Ramanathan noted that using experimental data also helps improve the trustworthiness of their AI models.
“Bringing validated results into the design loop helps prevent the models from hallucinating wild or unrealistic sequences,” he said. “This results in more reliable protein designs.”
The team tested MProt-DPO on two tasks to demonstrate its ability to handle complex protein design challenges. First, they focused the yeast protein HIS7, using experimental data to improve the performance of various mutations. For the second task, they worked on malate dehydrogenase, an enzyme that plays a key role in how cells produce energy. Using simulation data, they optimized the design of the enzyme to improve its catalytic efficiency.

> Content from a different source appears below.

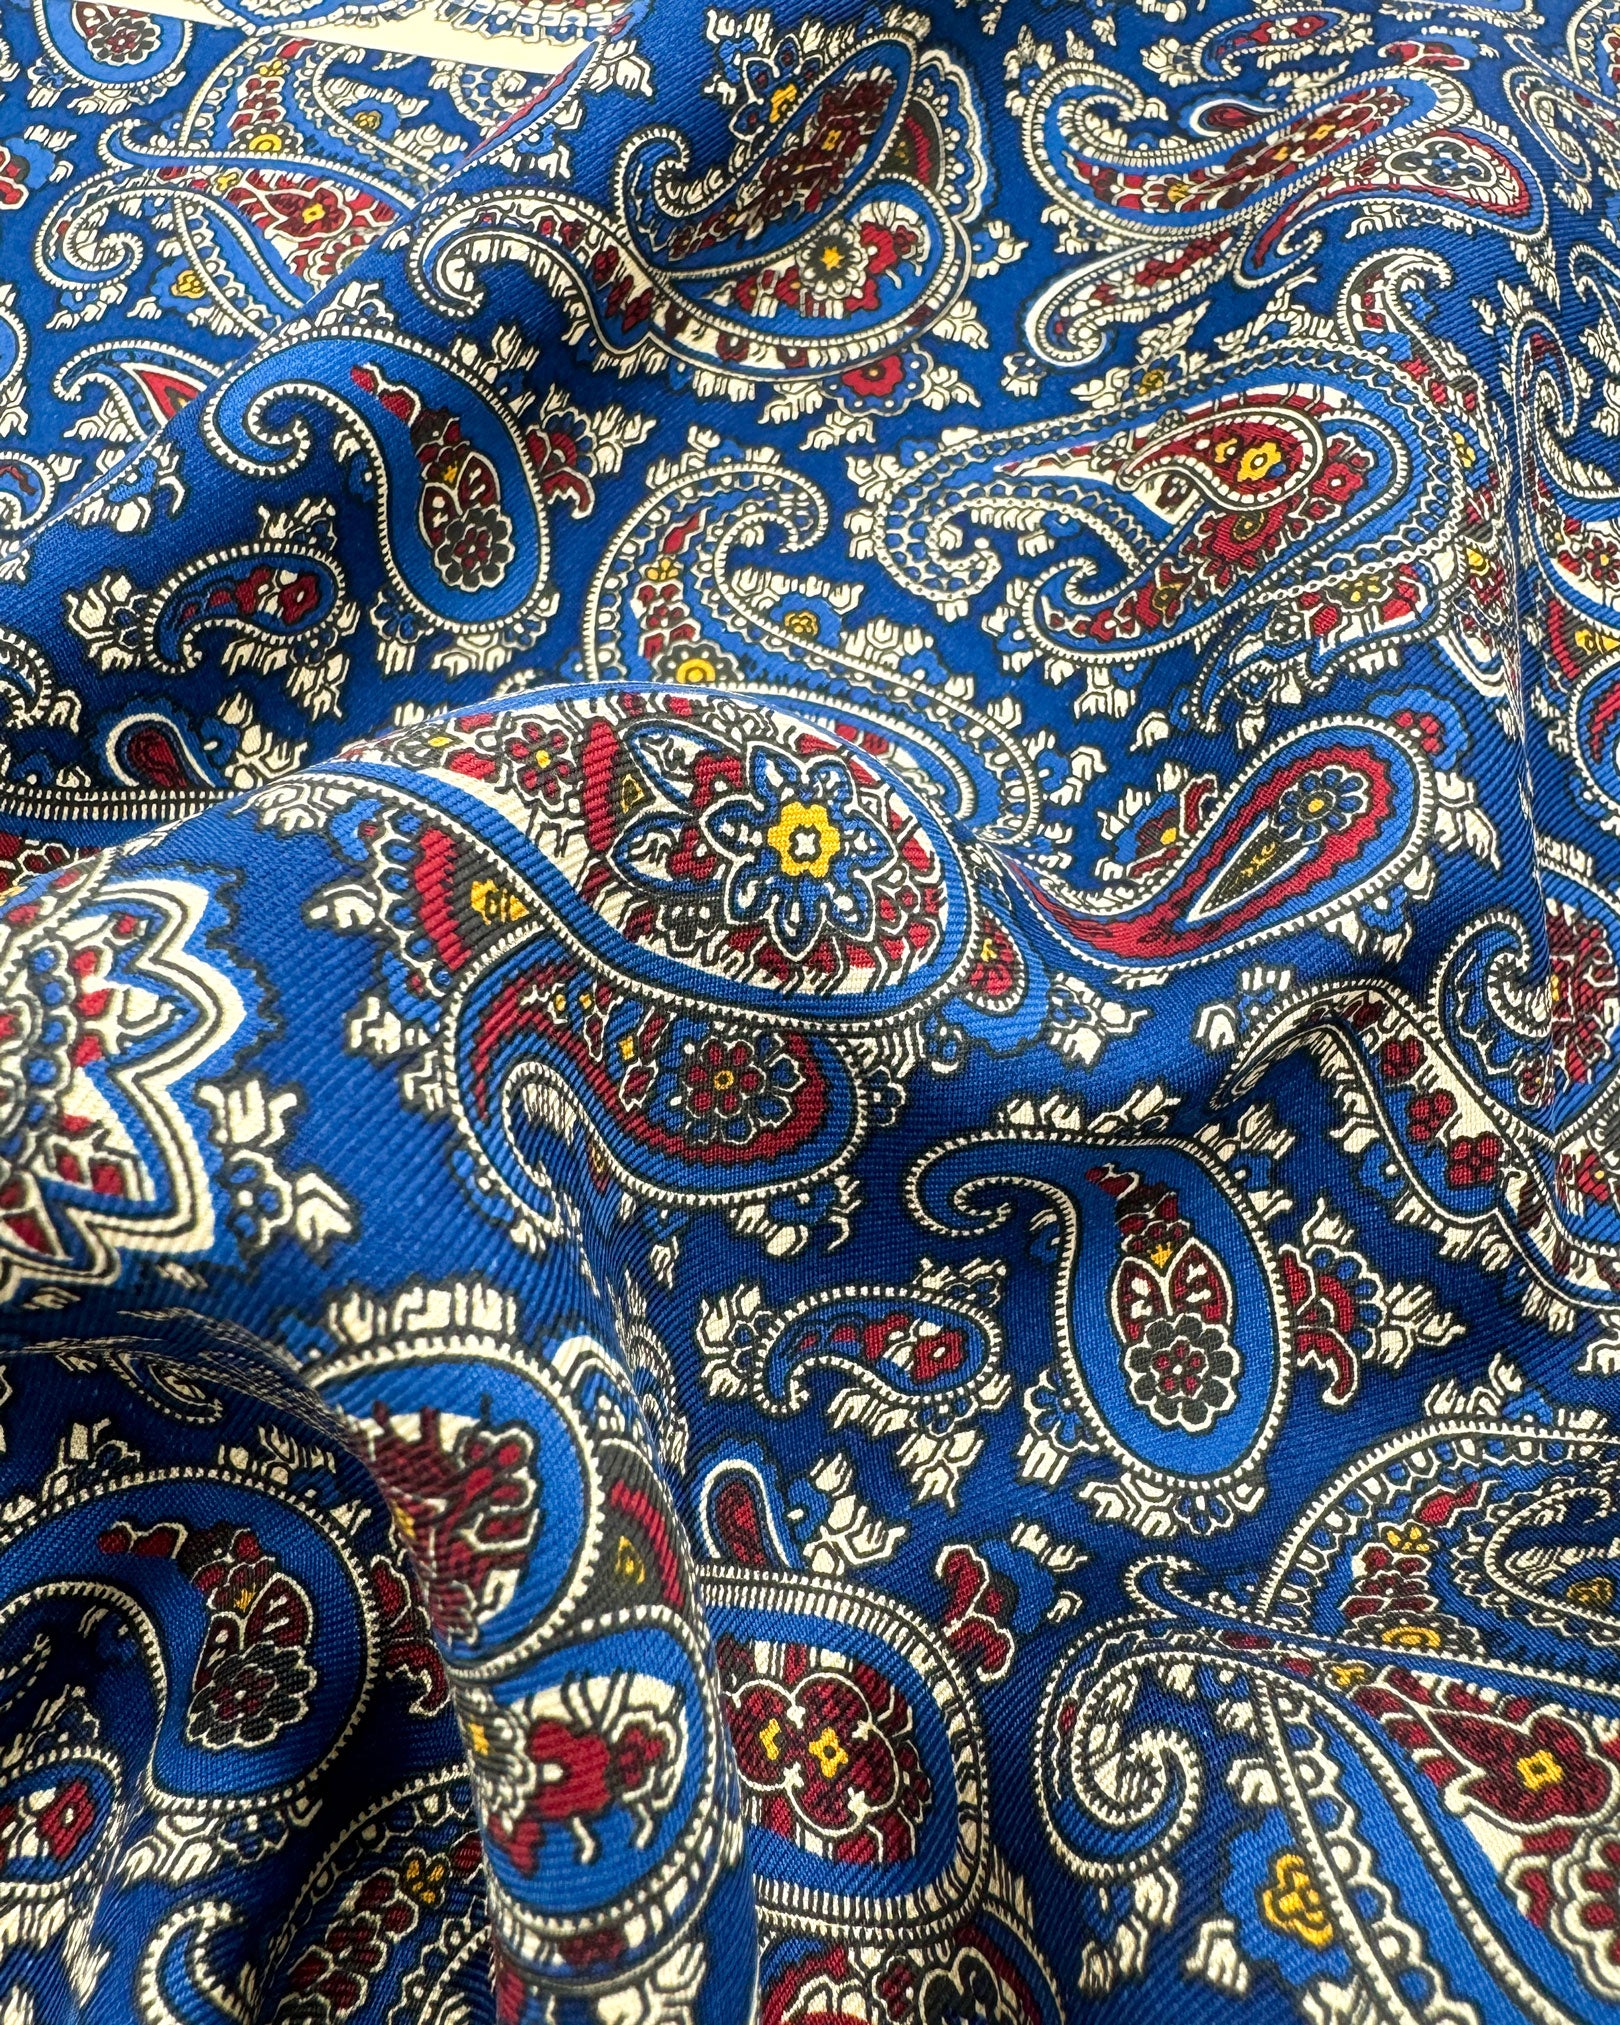 A ruffled close-up of the 'Abbotsbury' pocket square, presenting a closer view of the blue, red and cream paisley patterns against the attractive lustre of the madder silk material. 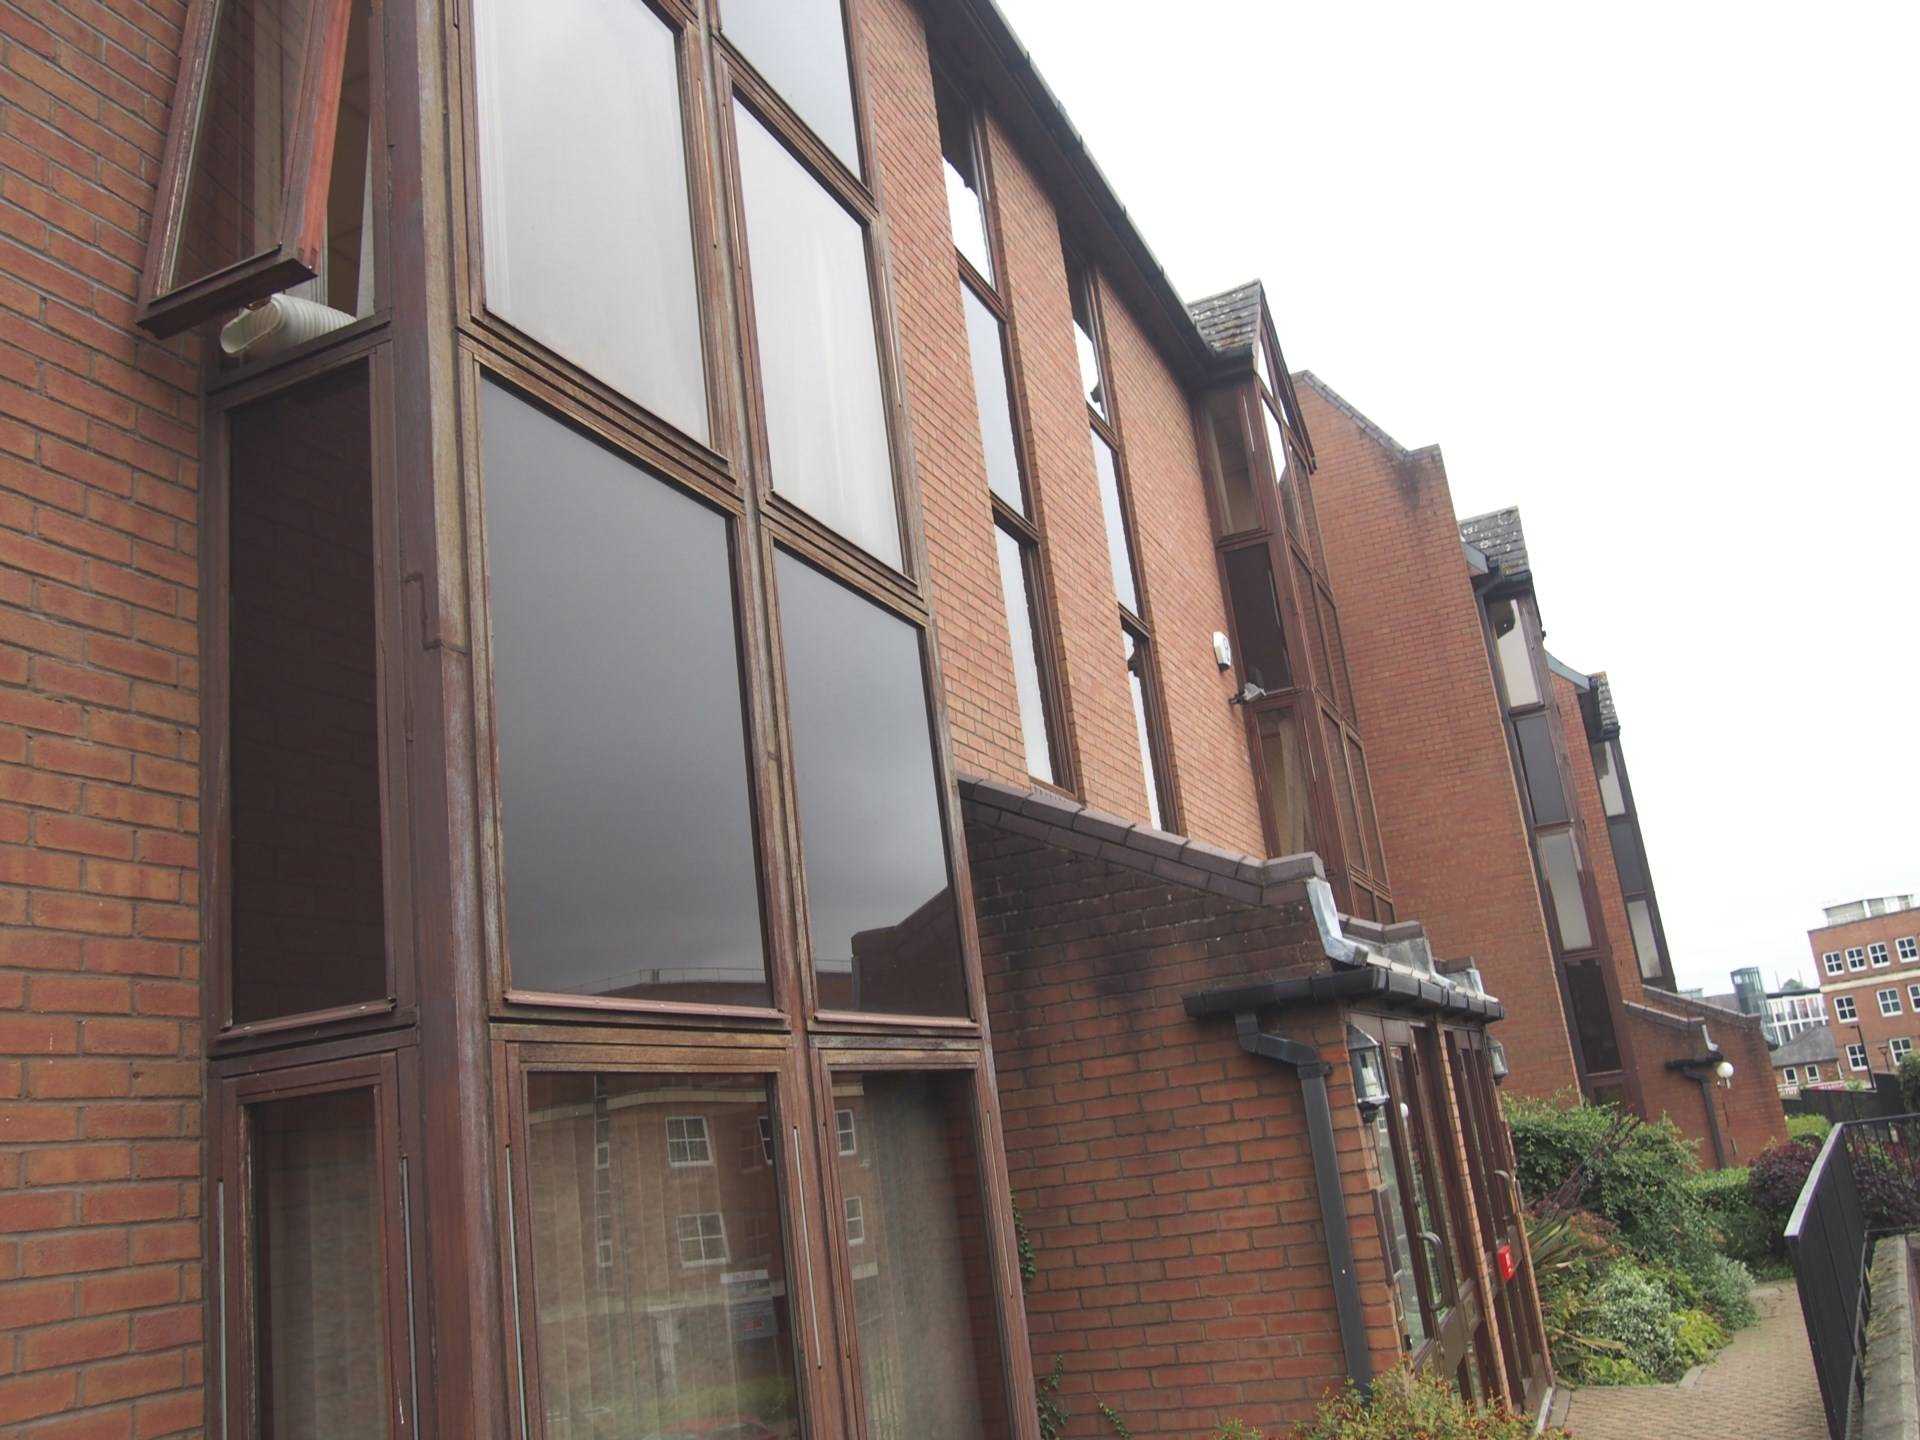 1 bed Flat for rent in High Wycombe. From Eden Sales & Lettings - High Wycombe

The team is collaborating with Argonne biologists to validate the AI-generated designs in a laboratory, where initial tests have shown they are performing as expected.
The creation of MProt-DPO is also helping to advance Argonne’s broader AI for science and autonomous discovery initiatives. The tool’s use of multimodal data is central to the ongoing efforts to develop AuroraGPT, a foundation model designed to aid in autonomous scientific exploration across disciplines.
“Demonstrating that this approach delivers strong scientific results at extreme scales is an important step toward building more robust AI models,” Ramanathan said. “It also moves us closer to autonomous discovery, where AI can help streamline not only experiments but the entire scientific process.”
The team’s research was supported by the DOE Office of Science’s Advanced Scientific Computing Research program and the National Institutes of Health.
Additional team members include Argonne’s Kyle Hippe, Alexander Brace, Sam Foreman, Väinö Hatanpää, Varuni K. Sastry, Huiho Zheng, Logan Ward, Servesh Muralidharan, Archit Vasan, Bharat Kale, Carla M. Mann, Heng Ma, Murali Emani, Michael E. Papka, Ian Foster and Rick Stevens; Yun-Hsuan Cheng, Yuliana Zamora and Tom Gibbs from NVIDIA; Shengchao Liu from the University of California, Berkeley; Chaowei Xiao from the University of Wisconsin-Madison; Mahidhar Tatineni from the San Diego Supercomputing Center; Deepak Canchi, Jerome Mitchell, Koichi Yamad and Maria Garzaran from Intel; and Anima Anandkumar from the California Institute of Technology.